So, imho, fishtest is not a proper thing to decide whether it's good to have it at all or enchance it in some ways.

pb00068 · 2017-12-18T09:43:56Z

@mcostalba
Hi Marco,

on Feb 12, 2014 you (re)-inserted verification-search without [0,5] test. From that I deduct that verification-search by itself as whole thing is indeed considered a bug fix.
Well, I see my patch as a kind of bugfix too, because in my eyes it's merely a valid alternative to the existing one ;-)

Please allow me to foreplay you following hypothetical scenario:
-verification search itself can be removed with [-3;1] as proven by Joost recently
-let's stick to standard rules once again and remove verification
-community will of course begin to complain again and demand a fix
-now instead to simply revert, we have a choice between two fixes:

1. The old verification search
PROS:
-requires very few lines of code (essentially 6 lines) and is easy to understand
-solves reliably basic zugzwang motif's consisting of just one forced 'worsening' move.
CONS:
by not avoiding recursive use of null move pruning during verification, it suffers in detecting
zugzwang problems which span over several 'worsening' moves. They just get solved by
accidental circumstances such as high depths (so verification is recalled recursively too) or
other nmp-conditions not being meet anymore in subsequent plies, ...

2. The proposed patch
CONS:
needs 's about 11 new lines more than the other.

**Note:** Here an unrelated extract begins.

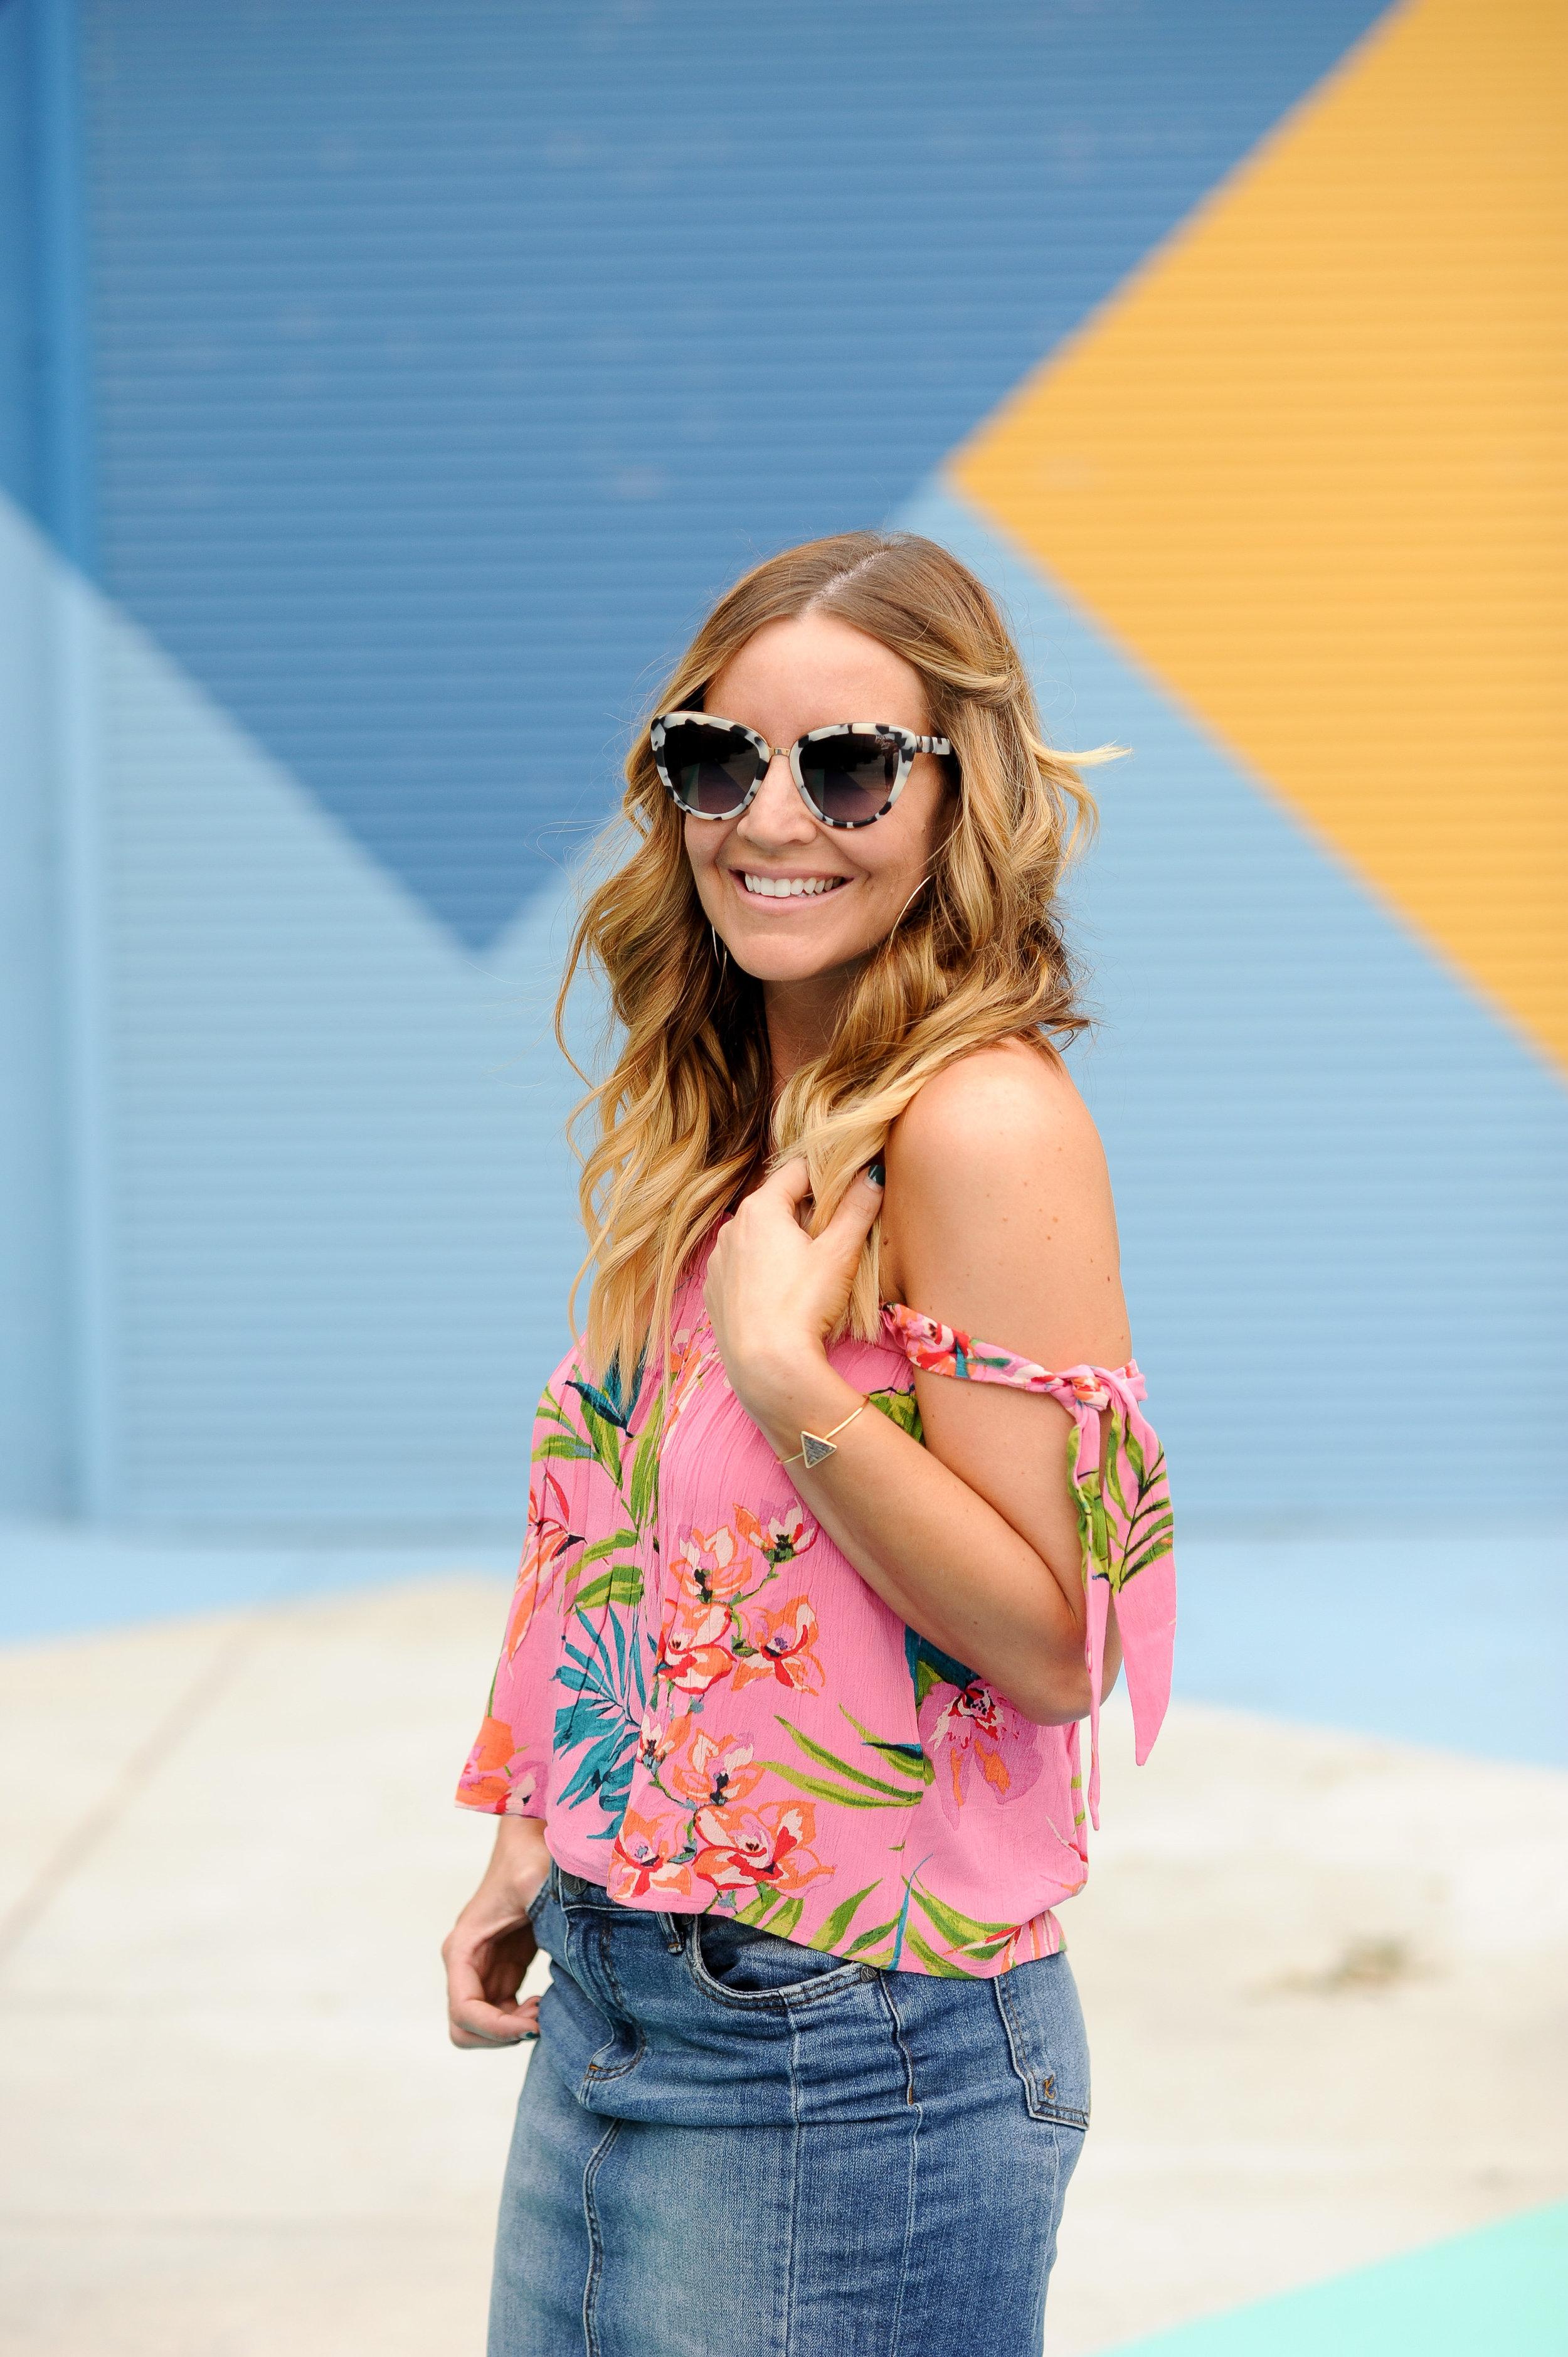 pink shirt 4.jpg

Surely that's a lot,
and the implementation looks not very elegant but
PROS:
-the concept behind is pretty simple and sound IMHO:
suppress null-move-pruning on the very next plies for the concerning side to move.
-it solves complex zugzwang situations effectively better than the other.

Which solution is better in the end is a matter of taste IMO.

I understand that in your role as a maintainer you always have to pinpoint at the governing rules and have to be reluctant and skeptical about such a patch. I fully respect the guidelines and I agree that they are the pillars for success. Solely I don't think the standard rules are the proper tool to take a correct decision on this specific case, I also don't think commiting this patch would open a new can of worms, but of course it's not up to me to judge the consequences ;-)

Vizvezdenec · 2017-12-18T10:48:27Z

Also intuitively speaking this patch should scale better with longer TC because it mostly is effective in endgame.
Maybe it can pass [0;5] SPRT for smth like 180+1.8? Although it will be incredibly costly, I know.

mcostalba · 2017-12-18T15:30:10Z

Ok I will merge the patch, I don't want to make the commit of a patch a personal thing, that's why there are rules.

But maybe with 2018 it is time to start a more liberal approach at what will be committed. personally I think that in this way a lot of stuff that should remain out, will go in and the quality of the source code will get worse, but OTH a relaxing in the committing rules is maybe beneficial. It is anyhow a new thing.

locutus2 · 2017-12-18T18:46:18Z

@mcostalba
The correct bench for this patch now is 5824883

mcostalba · 2017-12-19T09:03:56Z

Thanks, I will fix bench at next commit.

anshulongithub · 2017-12-20T07:57:57Z

Amazing leadership skills and judgment exhibited by @mcostalba here. As a developer myself I always look forward to reading and learning from comments from you here in all the PRs that you analyze and commit. Being flexible in a way that leads to improvement of Stockfish is a good thing and this approach shud be embraced whenever a patch makes the engine better from the previous state.

Stefano80 · 2017-12-22T18:41:09Z

Hi @mcostalba , I liked that you commited the patch, as it solves a real problem. I am bit surprised by your other statements; SF has been doing quite well in the past years, so which problems are you trying to solve by becoming more liberal in committing?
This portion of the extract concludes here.